_Data extract_.
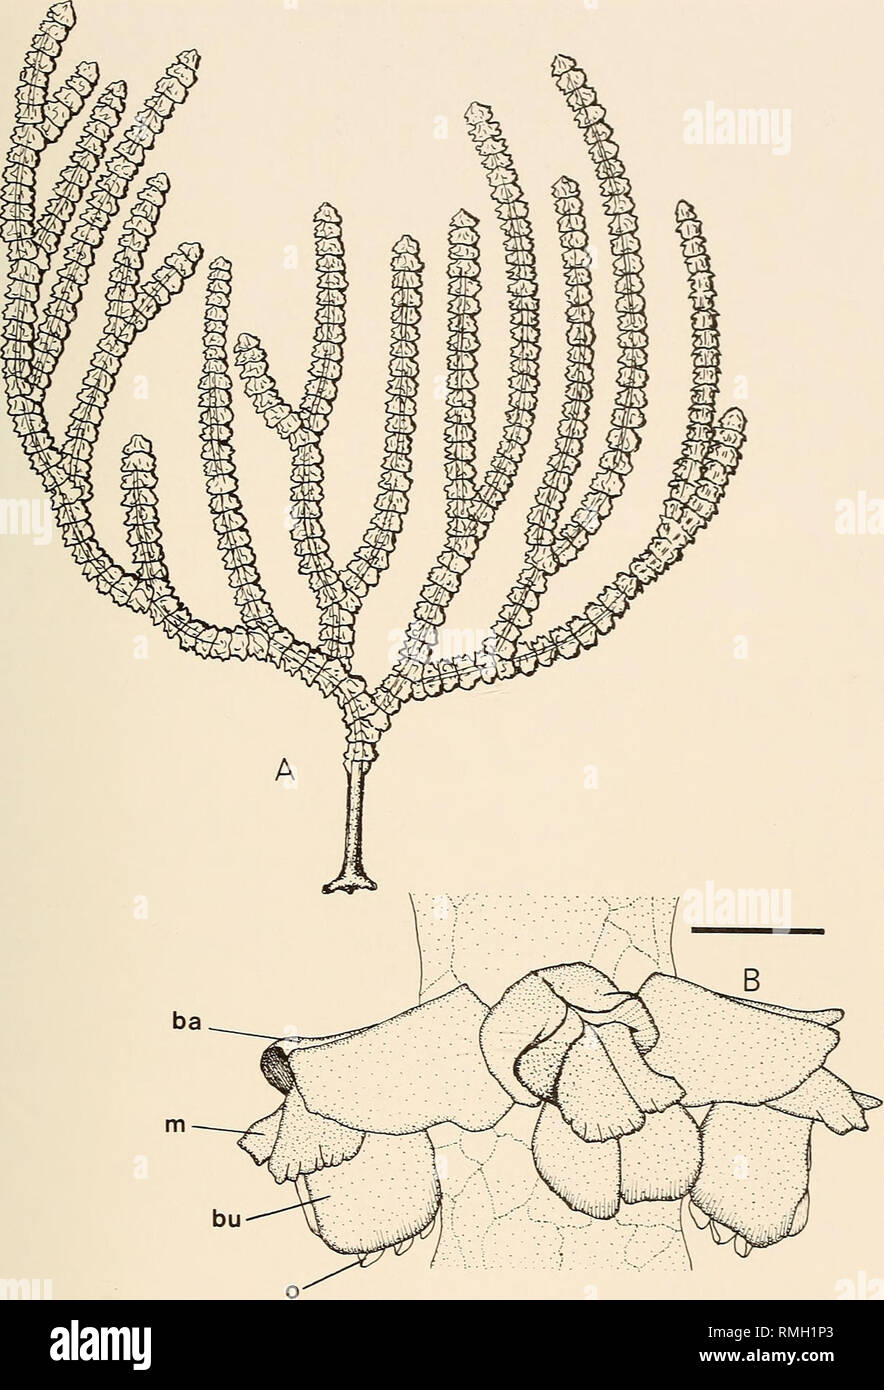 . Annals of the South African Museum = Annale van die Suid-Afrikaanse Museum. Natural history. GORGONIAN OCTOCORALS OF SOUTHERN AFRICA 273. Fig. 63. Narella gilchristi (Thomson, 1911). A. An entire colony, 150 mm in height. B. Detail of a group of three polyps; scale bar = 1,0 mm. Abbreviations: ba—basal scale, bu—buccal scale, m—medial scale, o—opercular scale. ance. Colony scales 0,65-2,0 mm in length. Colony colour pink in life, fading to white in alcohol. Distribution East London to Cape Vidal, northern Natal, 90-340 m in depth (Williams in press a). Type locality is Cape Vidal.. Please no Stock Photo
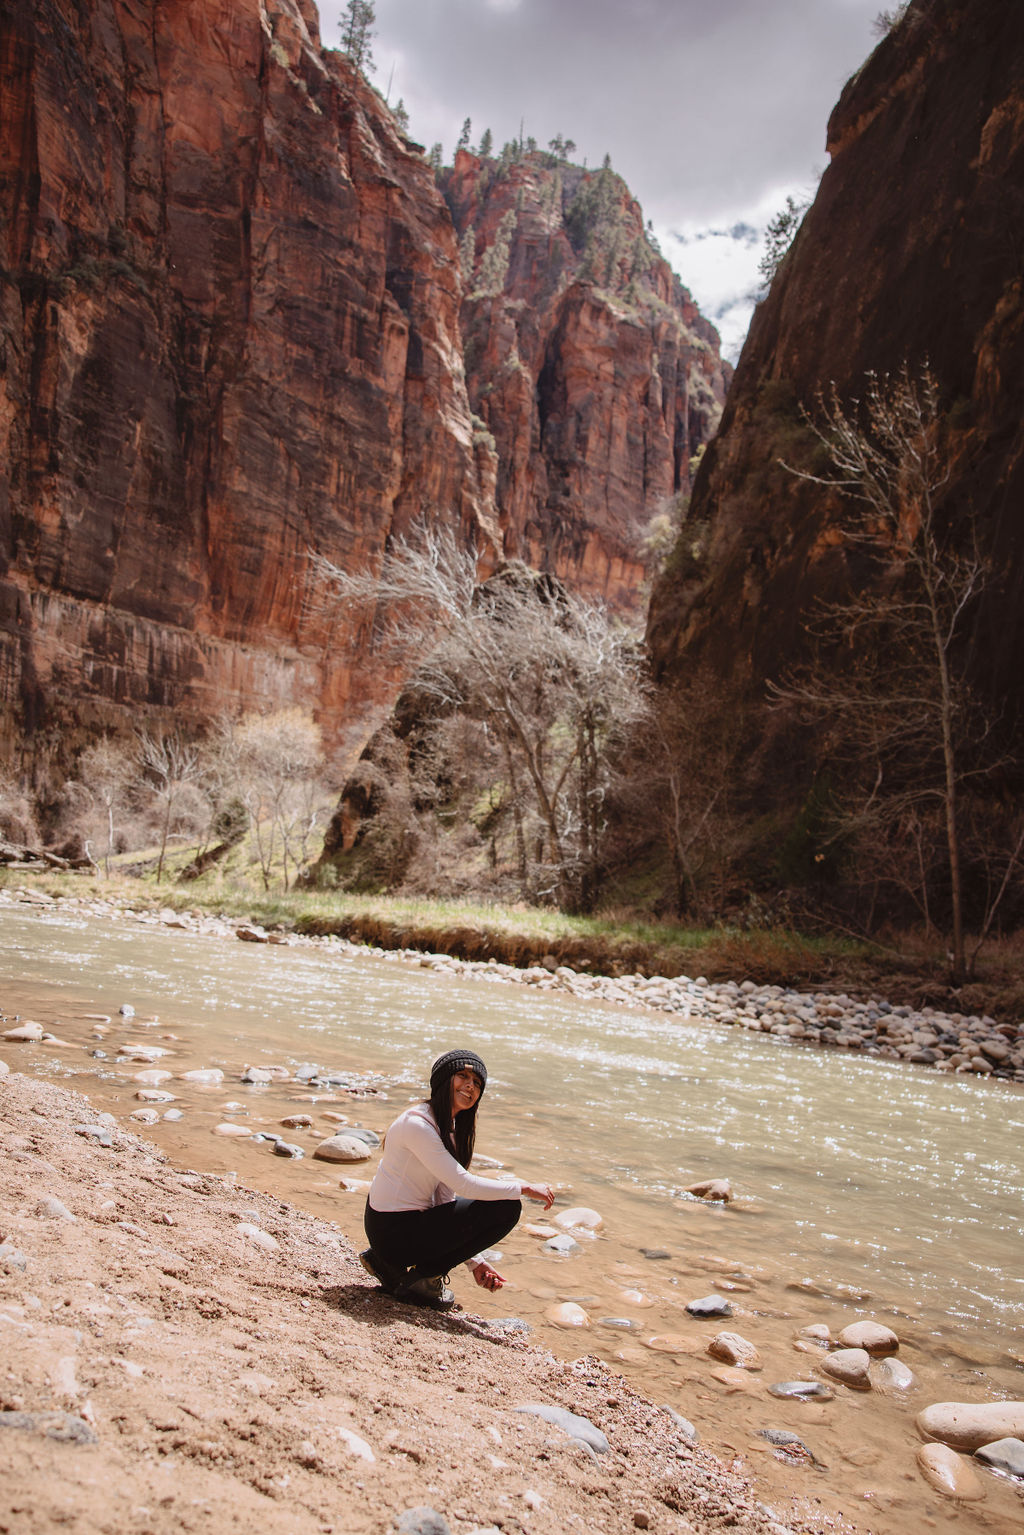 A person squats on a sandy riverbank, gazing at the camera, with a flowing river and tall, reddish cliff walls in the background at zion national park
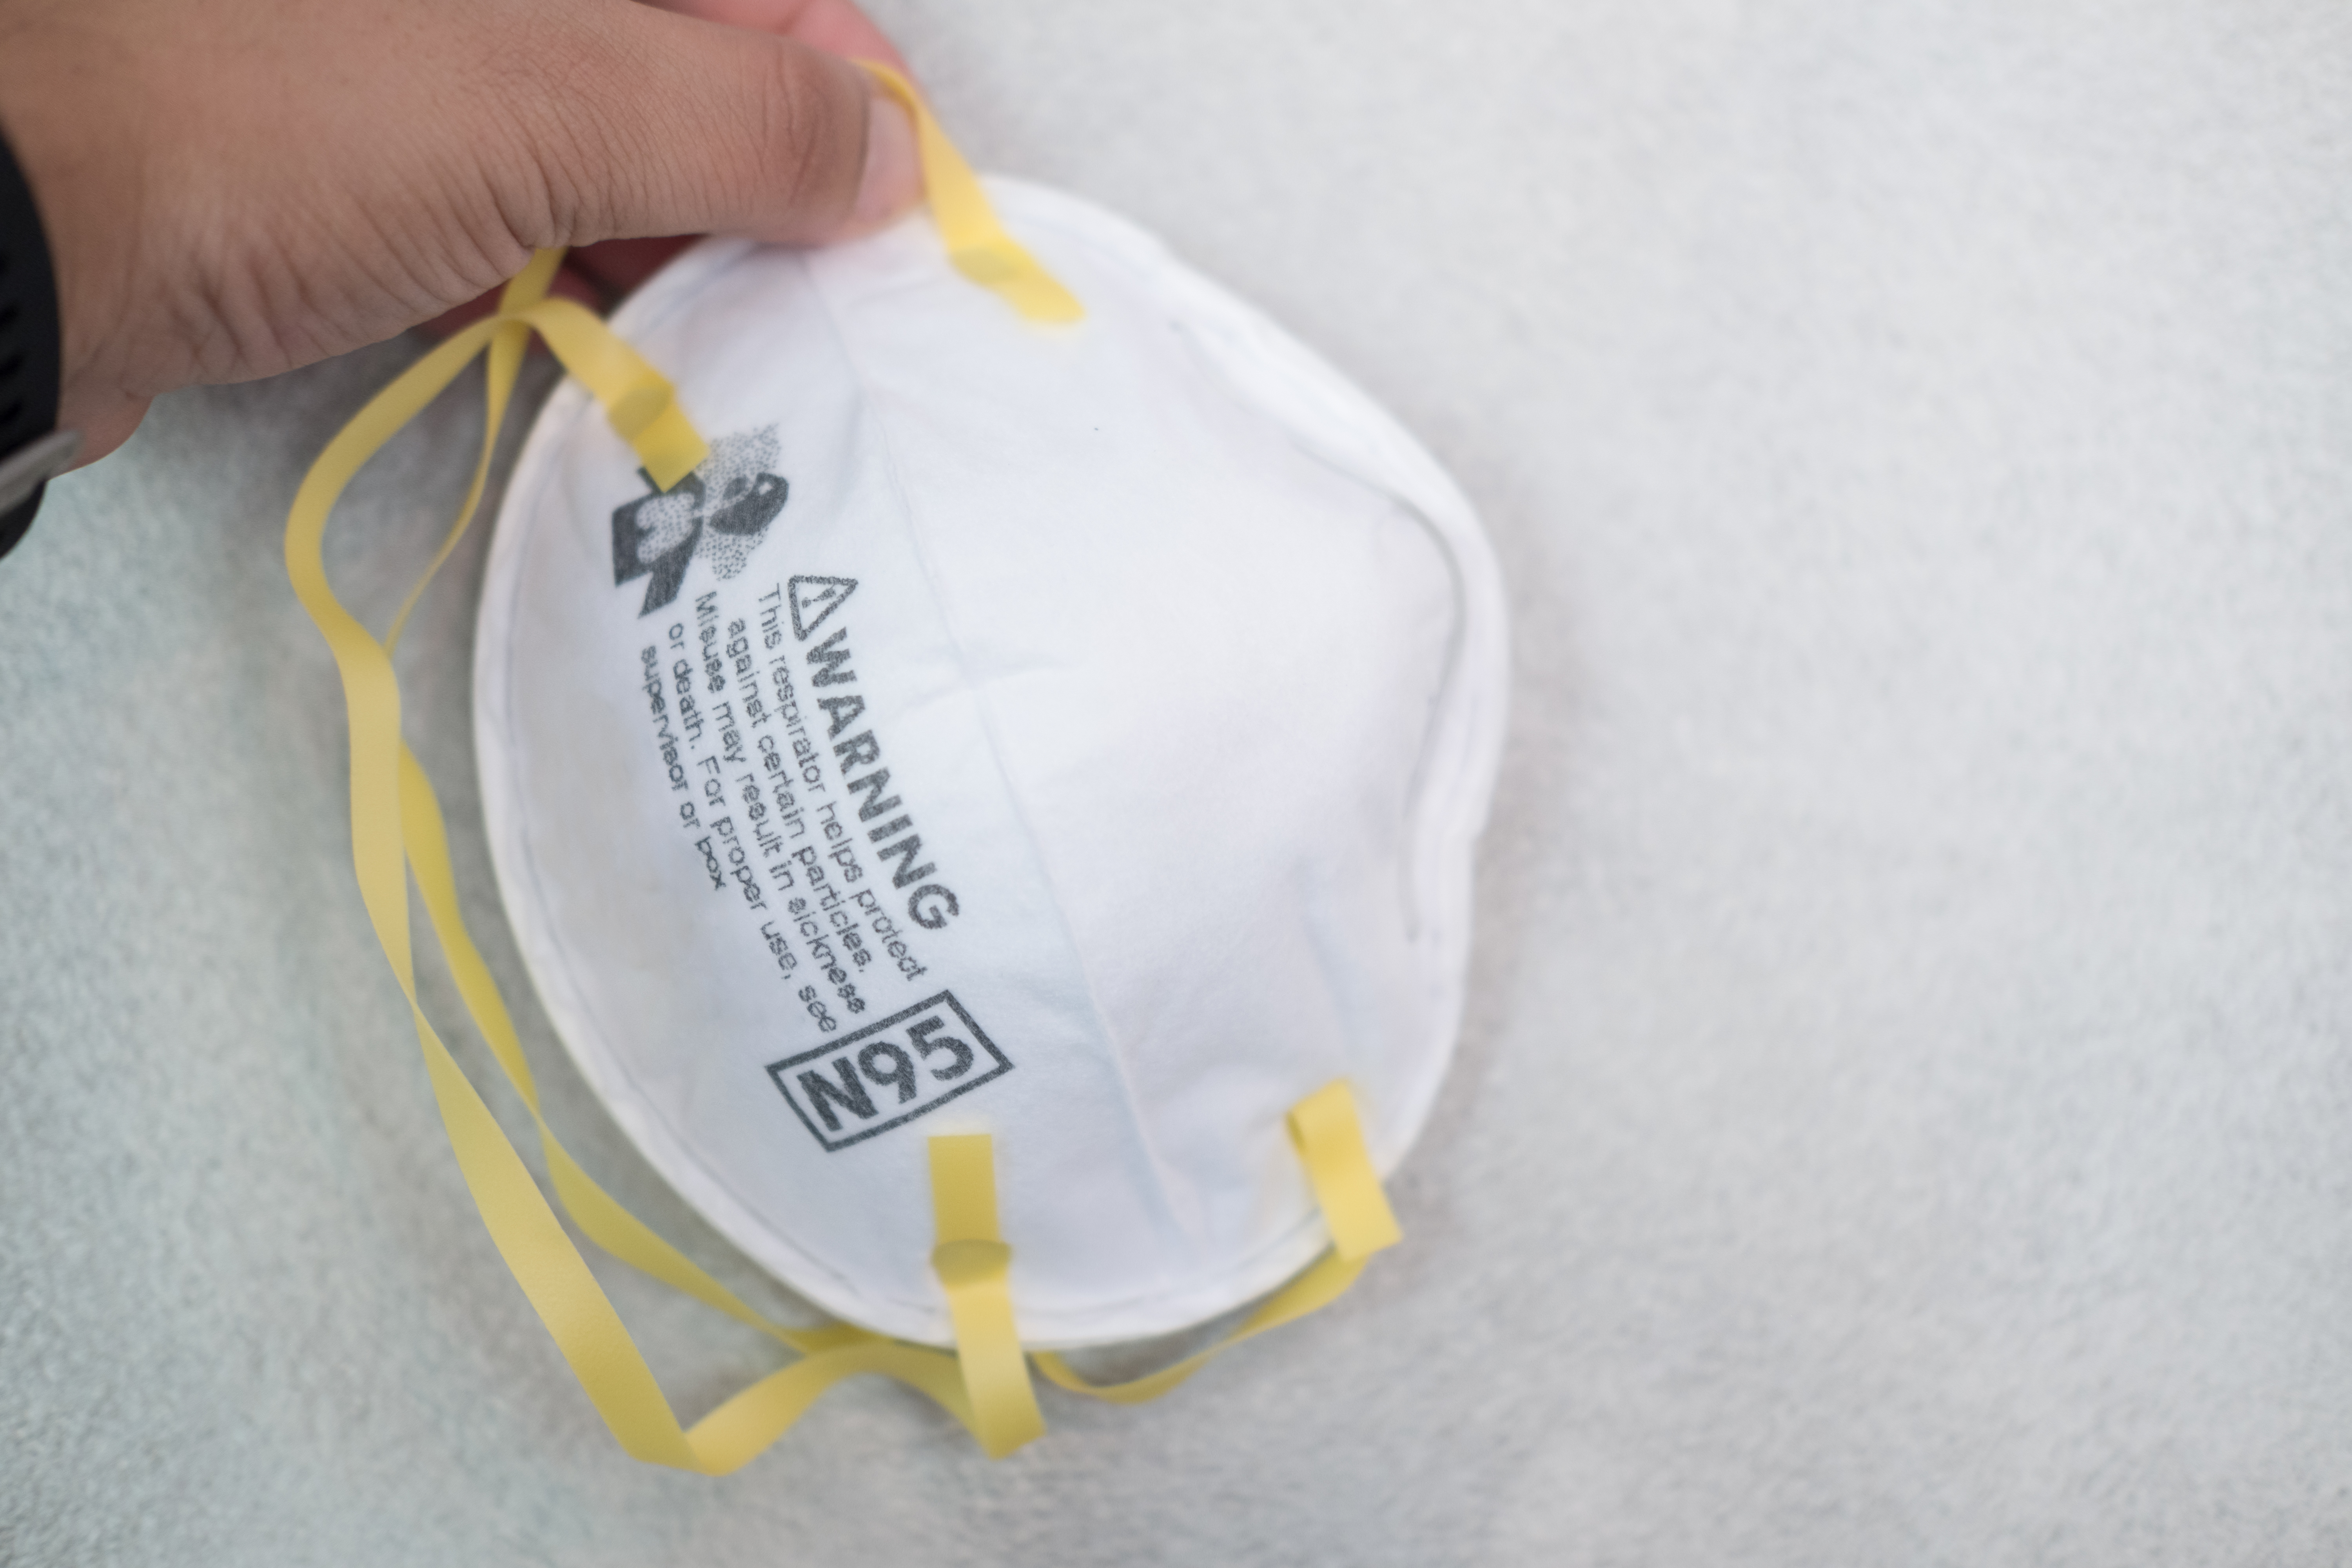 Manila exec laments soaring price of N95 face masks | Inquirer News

_Problem to solve_. Take the line containing "A person squats" and every line after it through the end of the data, and write them out exactly, with no pictures.

_Exercise solution_.
 A person squats on a sandy riverbank, gazing at the camera, with a flowing river and tall, reddish cliff walls in the background at zion national park
 Manila exec laments soaring price of N95 face masks | Inquirer News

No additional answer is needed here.